We agree completely that involvement of facet joints is an important element in determining instability. Spinal tuberculosis is, however, mainly an anterior disease and actual involvement of posterior column or the facet joints is rare and can be found in 5%–10% of patients6. However, our concern is that the authors have described posterior column involvement only as an actual destruction by involvement of the facet joints and totally overlooked facet subluxation which is the most common form of posterior column failure in spinal tuberculosis. The common mode of instability has been well described to be an anterior column destruction followed by facet subluxation which can be sequential in severe cases leading to buckling collapse7. Radiological signs depicting this model of failure have also been well described and documented8. We consider it as an important lapse of this work to have overlooked this method of failure and only given points to actual destruction of the facet joints.

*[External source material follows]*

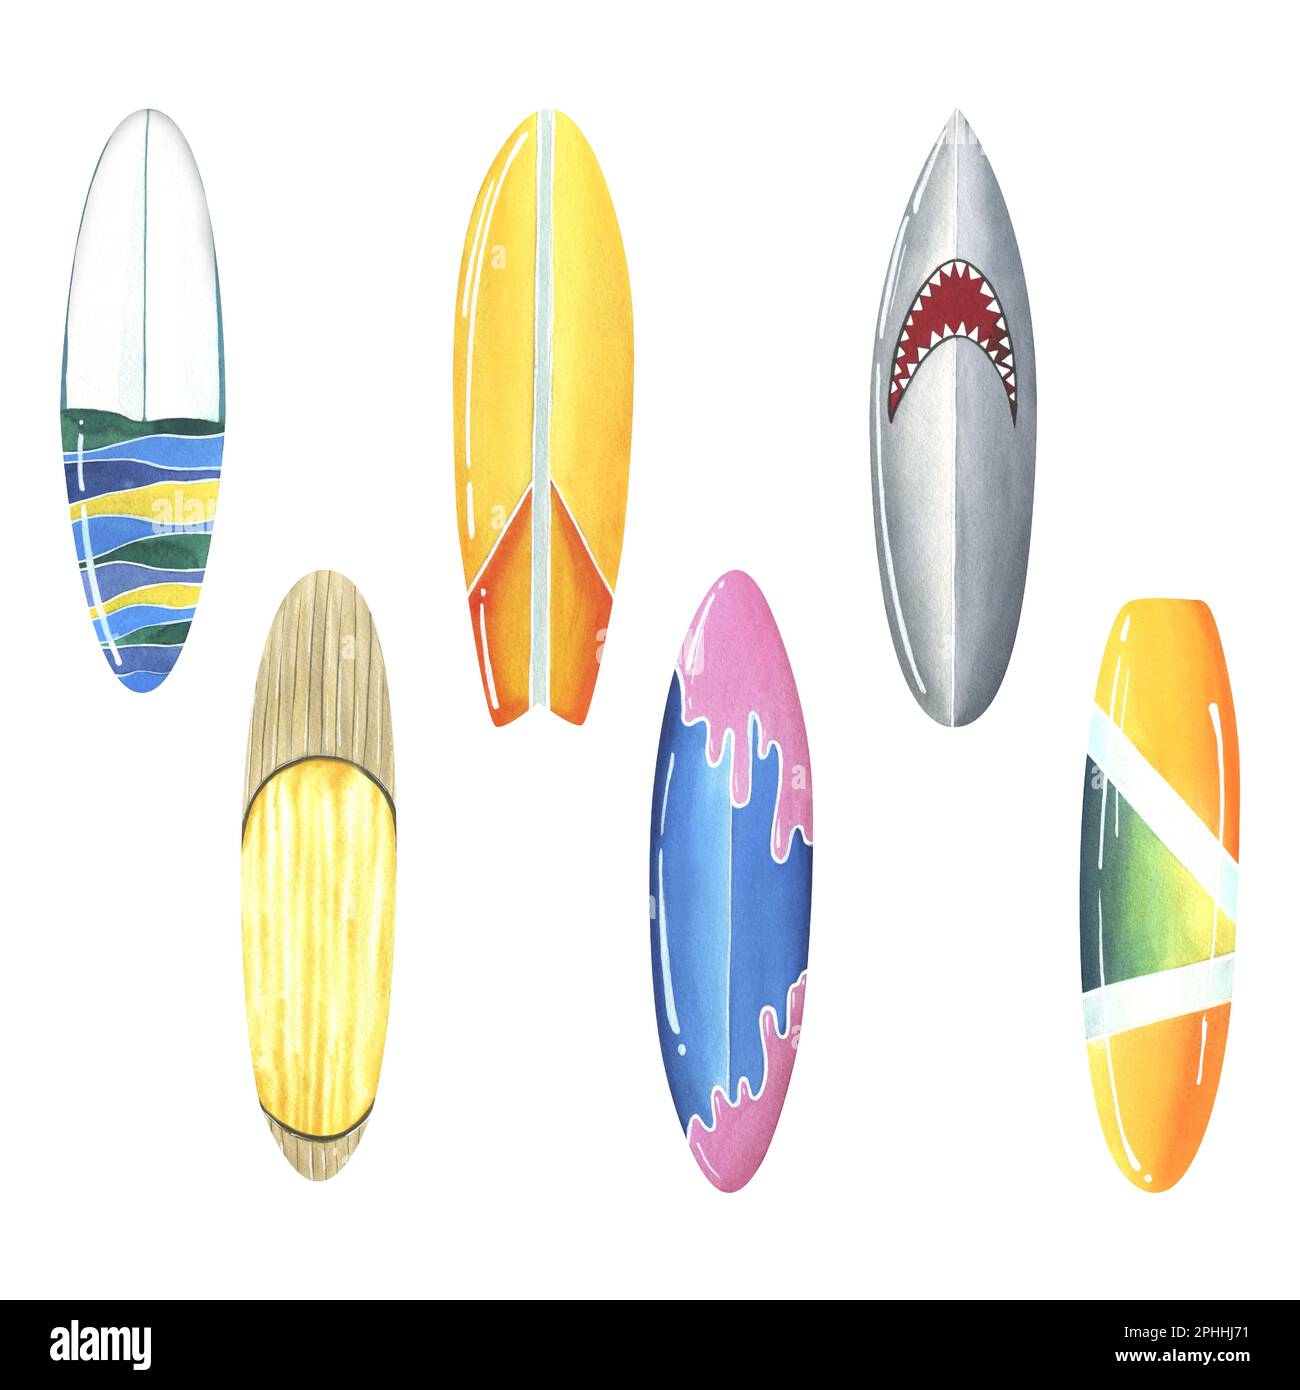 Planches de surf multicolores lumineuses en jaune, orange, gris, bleu et rose. Illustration aquarelle. Ensemble d'éléments isolés sur fond blanc. Pour Banque D'Images

The score we feel is judgementally flawed having included many criteria which have no bearing to instability. Quite respectfully we would like to submit that this score is overestimating instability and thus may not be the best way to be followed for assessing instability.

References 1. Rajasekaran S, Shanmugasundaram TK, Prabhakar R, et al. Tuberculous lesions of the lumbosacral region. A 15-year follow-up of patients treated by ambulant chemotherapy. Spine (Phila Pa 1976). 1998;23:1163–1167. 2. Gupta SK, Mohindra S, Sharma BS, et al. Tuberculosis of the craniovertebral junction: is surgery necessary? Neurosurgery. 2006;58:1144–1150; discussion 1144–1150. 3. Goel A. Tuberculosis of craniovertebral junction: role of facets in pathogenesis and treatment. J Craniovertebr Junction Spine. 2016;7:129–130. 4. Jain AK, Sreenivasan R, Saini NS, et al. Magnetic resonance evaluation of tubercular lesion in spine. Int Orthop. 2012;36:261–269. 5. Cao G, Rao J, Cai Y, et al. Analysis of treatment and prognosis of 863 patients with spinal tuberculosis in Guizhou Province. BioMed Res Int. 2018;2018:e3265735. 6. Kumar K. Posterior spinal tuberculosis: a review. Mycobact Dis. 2017;7:1–4. 7. Rajasekaran S. Buckling collapse of the spine in childhood spinal tuberculosis. Clin Orthop Relat Res. 2007;460:86–92. 8. Rajasekaran S. The natural history of post-tubercular kyphosis in children. Radiological signs which predict late increase in deformity. J Bone Joint Surg Br. 2001;83:954–962.